Dept of Medicine, National University Health System, Singapore.
Eur Respir J. 2014 Mar;43(3):852-62. doi: 10.1183/09031936.00081713. Epub 2013 Oct 31.
The effect of employing severity scores to identify severe community-acquired pneumonia (SCAP) cases for early aggressive resuscitation is unknown. Optimising pre-intensive care unit (ICU) care may improve outcomes in patients at risk of SCAP. We conducted a before-and-after study of patients classified into control and intervention groups (January 2004 to December 2007 and January 2008 to December 2010, respectively). Our intervention was two-pronged, using the 2007 Infectious Diseases Society of America (IDSA)/American Thoracic Society (ATS) minor criteria to identify SCAP for aggressive emergency department resuscitation. Patients with SCAP, defined as those with three or more IDSA/ATS minor criteria, were targeted. Differences in mortality, triage and compliance with emergency department resuscitation were compared between the groups. The hospital mortality rate was lower in the intervention versus the control group (5.7% versus 23.8%, p<0.001). On multivariate analysis, the intervention group was associated with lower mortality (OR 0.24, 95% CI 0.09-0.67). ICU admission rates decreased from 52.9% to 38.6% (p=0.008) and inappropriately delayed ICU admissions decreased from 32.0% to 14.8% (p<0.001). There was increased compliance with the aggressive resuscitation protocol after the intervention. A combined intervention, using a pneumonia score to identify those at risk of SCAP early and an aggressive pre-ICU resuscitation protocol may reduce mortality and ICU admissions.
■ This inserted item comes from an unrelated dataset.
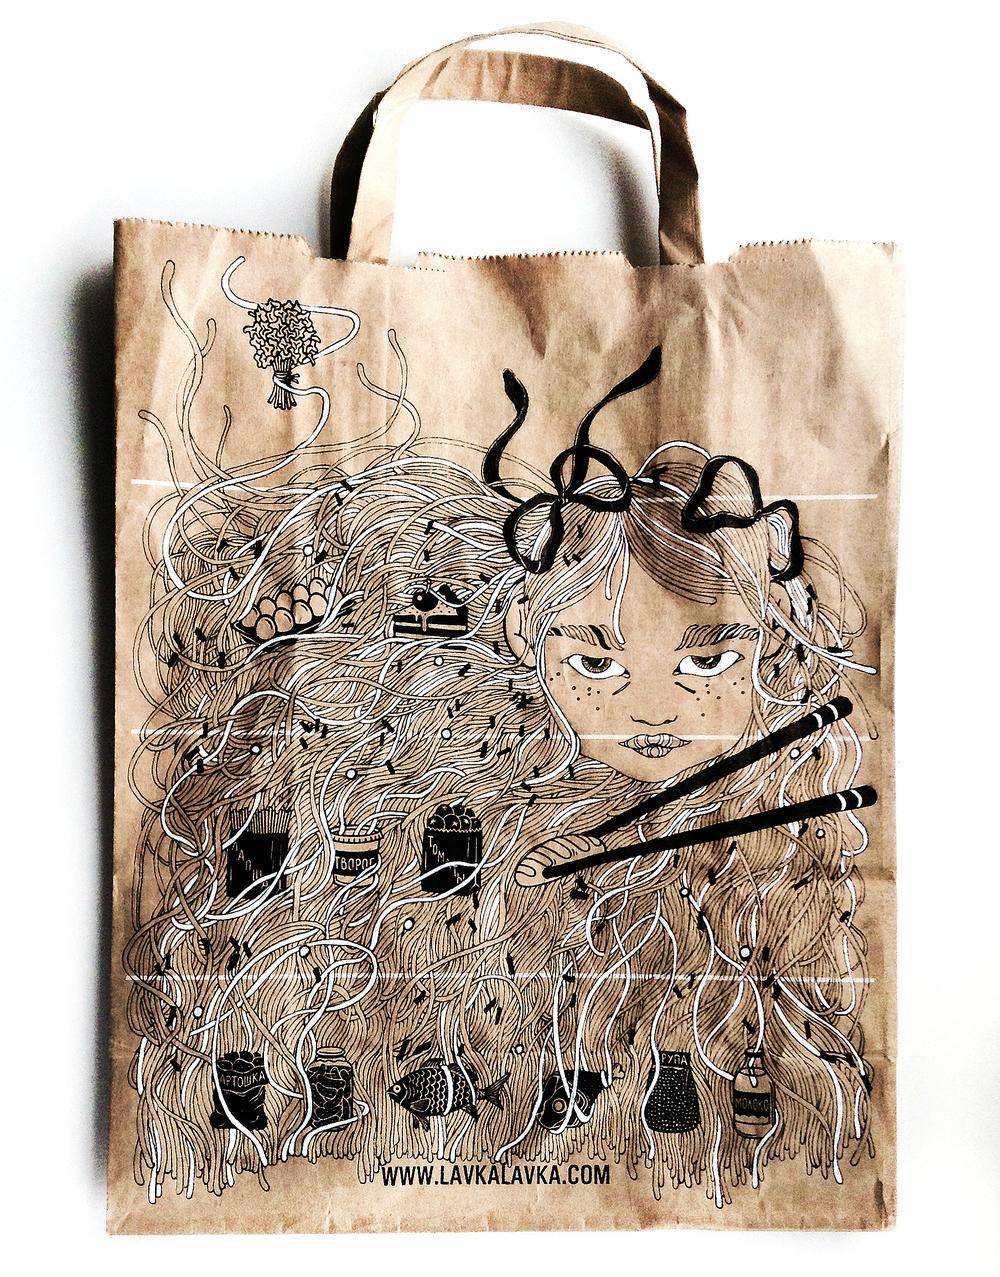 Lavka Lavka paper bag transformed

采用严重程度评分来识别严重社区获得性肺炎(SCAP)病例以进行早期积极复苏的效果尚不清楚。优化重症监护病房(ICU)前的护理可能会改善有发生 SCAP 风险的患者的结局。我们进行了一项病例前后对照研究,将患者分为对照组和干预组(分别为 2004 年 1 月至 2007 年 12 月和 2008 年 1 月至 2010 年 12 月)。我们的干预措施有两部分,一是使用 2007 年美国传染病学会(IDSA)/美国胸科学会(ATS)的次要标准来识别需要积极急诊复苏的 SCAP;二是针对具有三个或更多 IDSA/ATS 次要标准的 SCAP 患者进行治疗。比较两组之间的死亡率、分诊和对急诊复苏的依从性。干预组的死亡率低于对照组(5.7%比 23.8%,p<0.001)。多变量分析显示,干预组与较低的死亡率相关(OR 0.24,95%CI 0.09-0.67)。ICU 入院率从 52.9%降至 38.6%(p=0.008),不适当延迟 ICU 入院率从 32.0%降至 14.8%(p<0.001)。干预后,对积极复苏方案的依从性增加。采用肺炎评分来早期识别有发生 SCAP 风险的患者,并采用积极的 ICU 前复苏方案,可能会降低死亡率和 ICU 入院率。